▶ PROMPT
Among the entries below, the lines from the one with "Pressure Sensitive Signature" up to and including the one with "You can discover" are to be restated exactly, without pictures.
── LISTED RECORDS ──
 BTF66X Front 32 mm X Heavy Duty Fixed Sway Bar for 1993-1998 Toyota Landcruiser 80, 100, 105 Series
───
── LISTED RECORDS ──
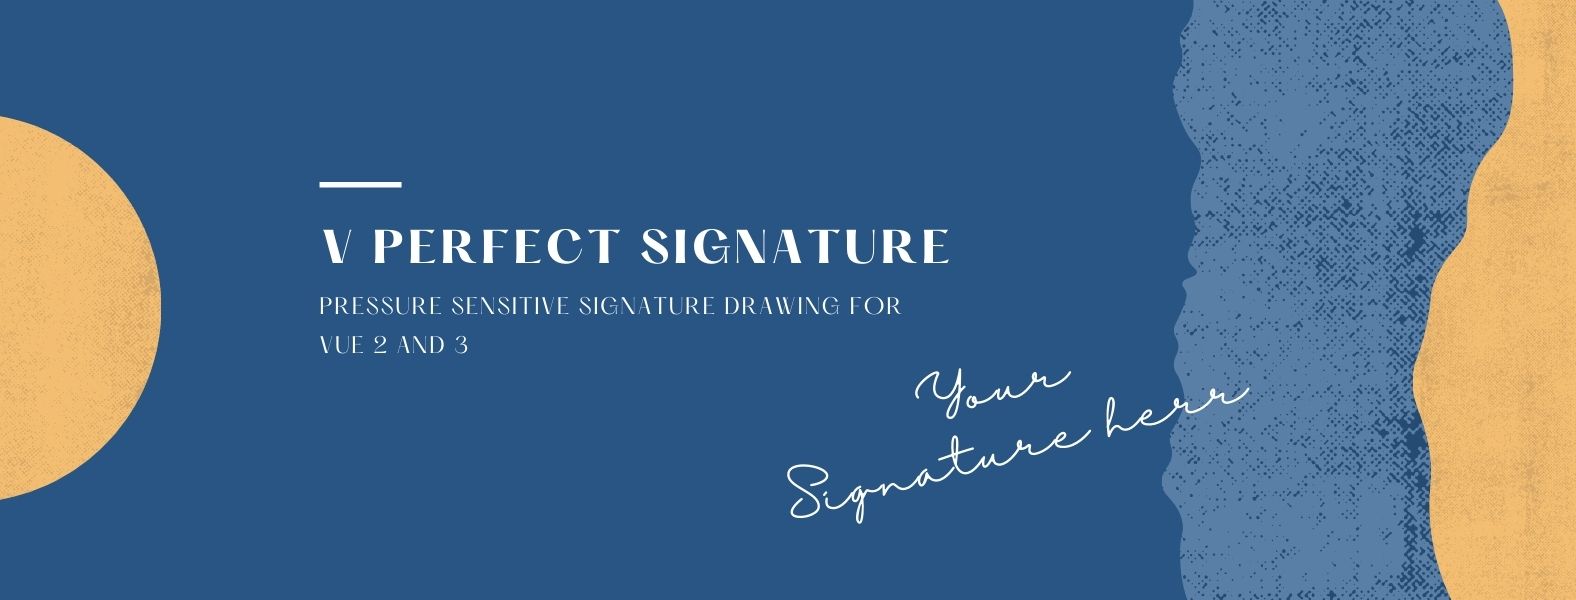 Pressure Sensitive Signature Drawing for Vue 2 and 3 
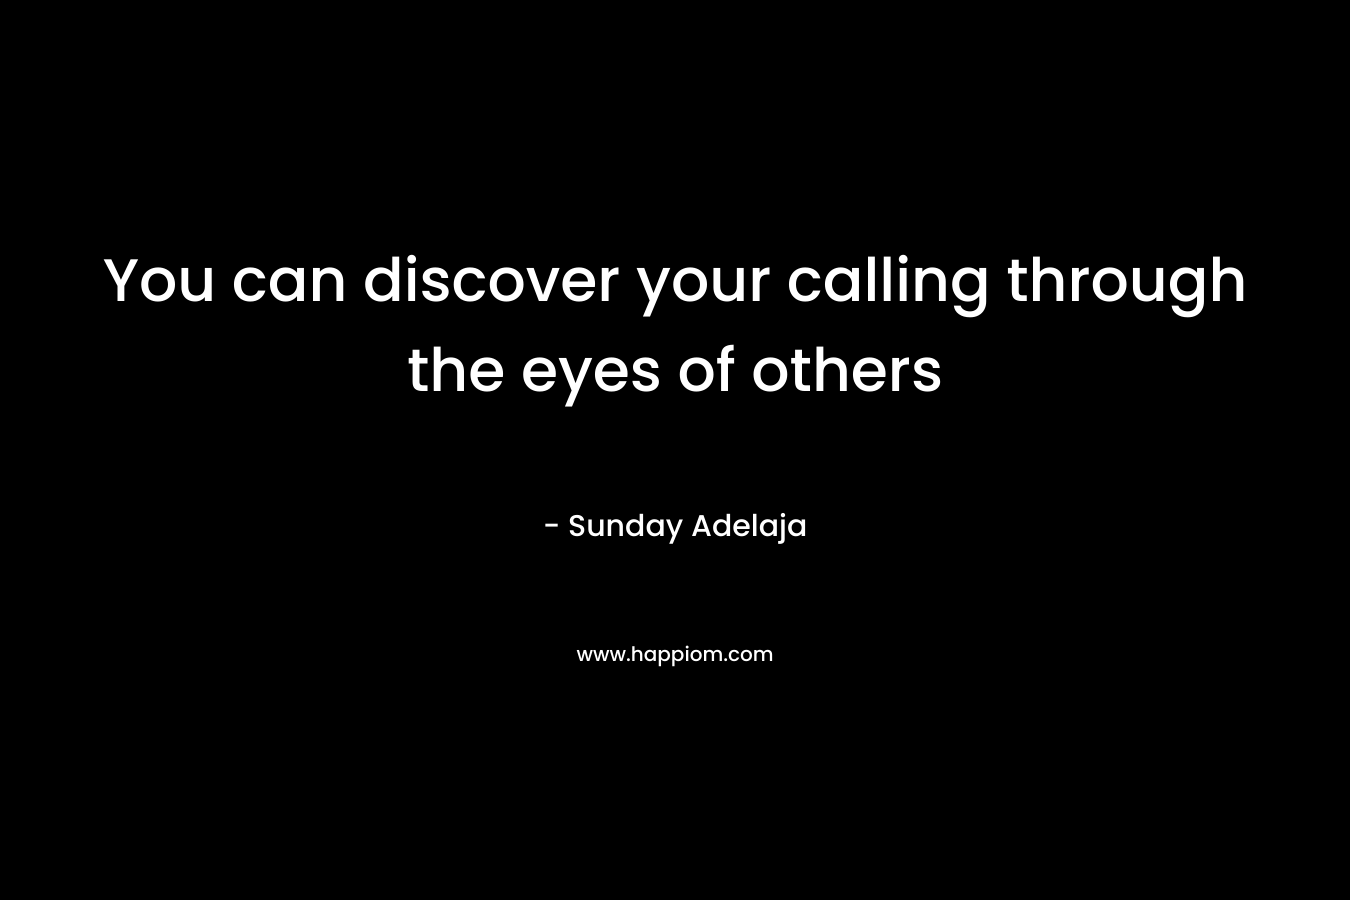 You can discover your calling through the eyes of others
───
── LISTED RECORDS ──
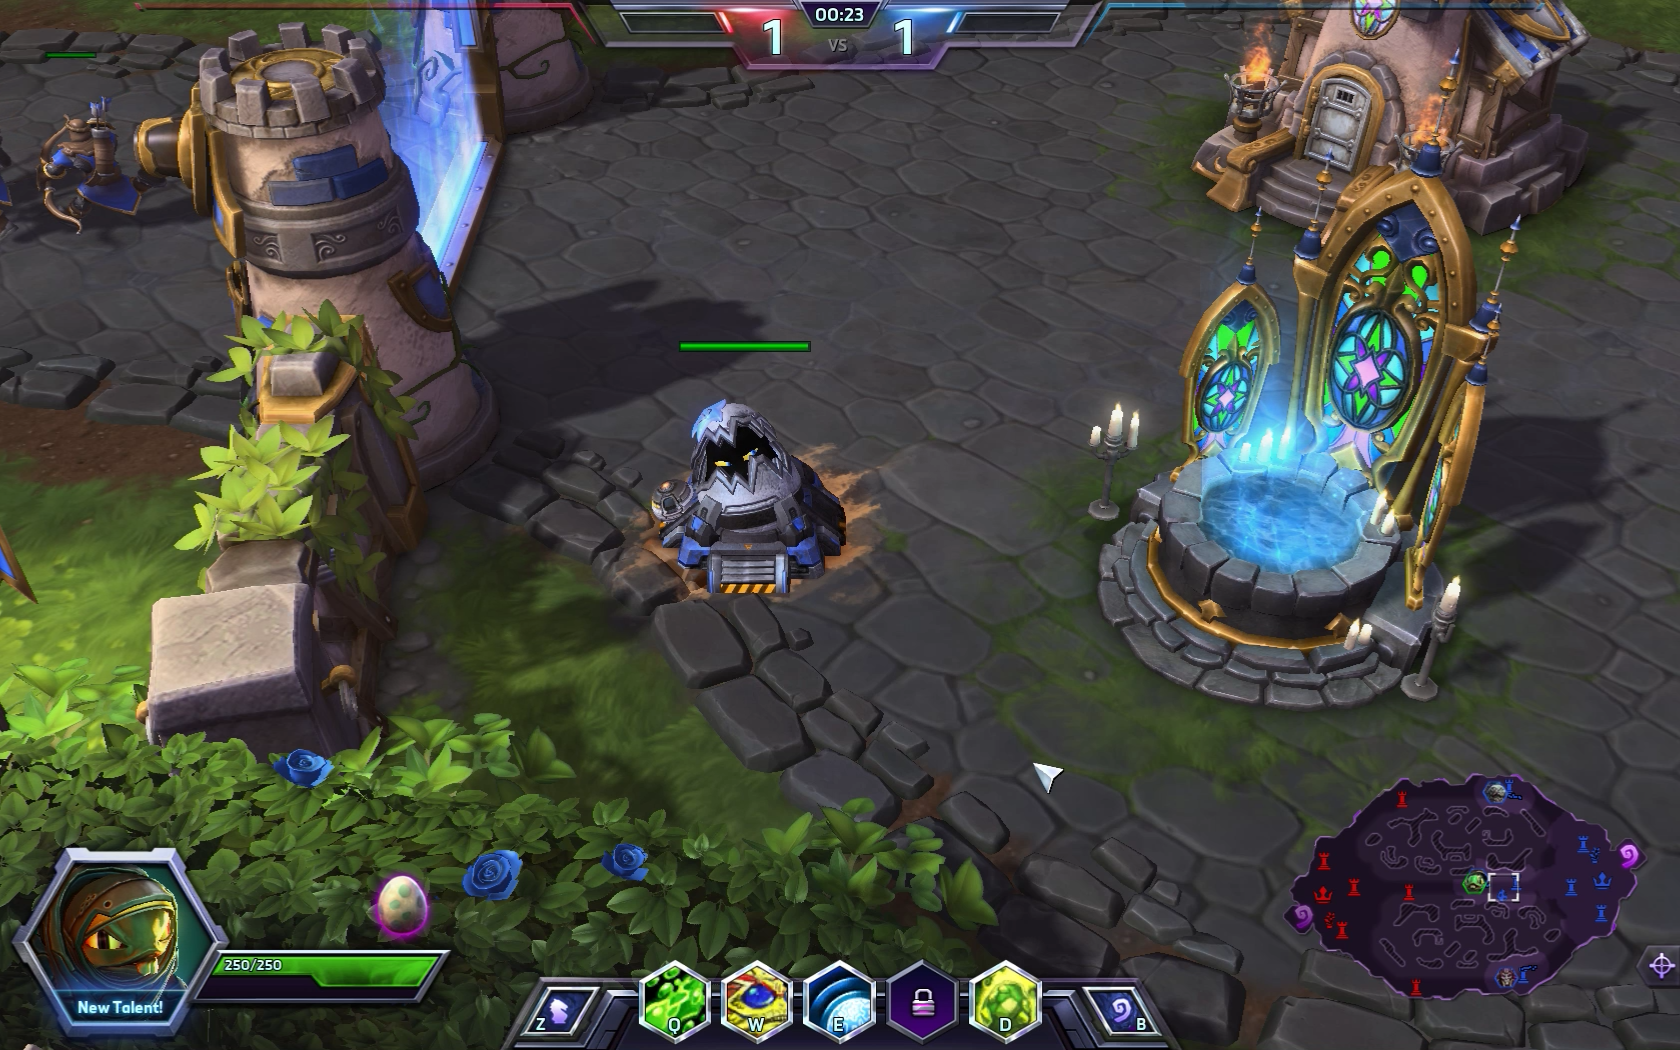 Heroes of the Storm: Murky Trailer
───
▶ RESULT
 Pressure Sensitive Signature Drawing for Vue 2 and 3 
 You can discover your calling through the eyes of others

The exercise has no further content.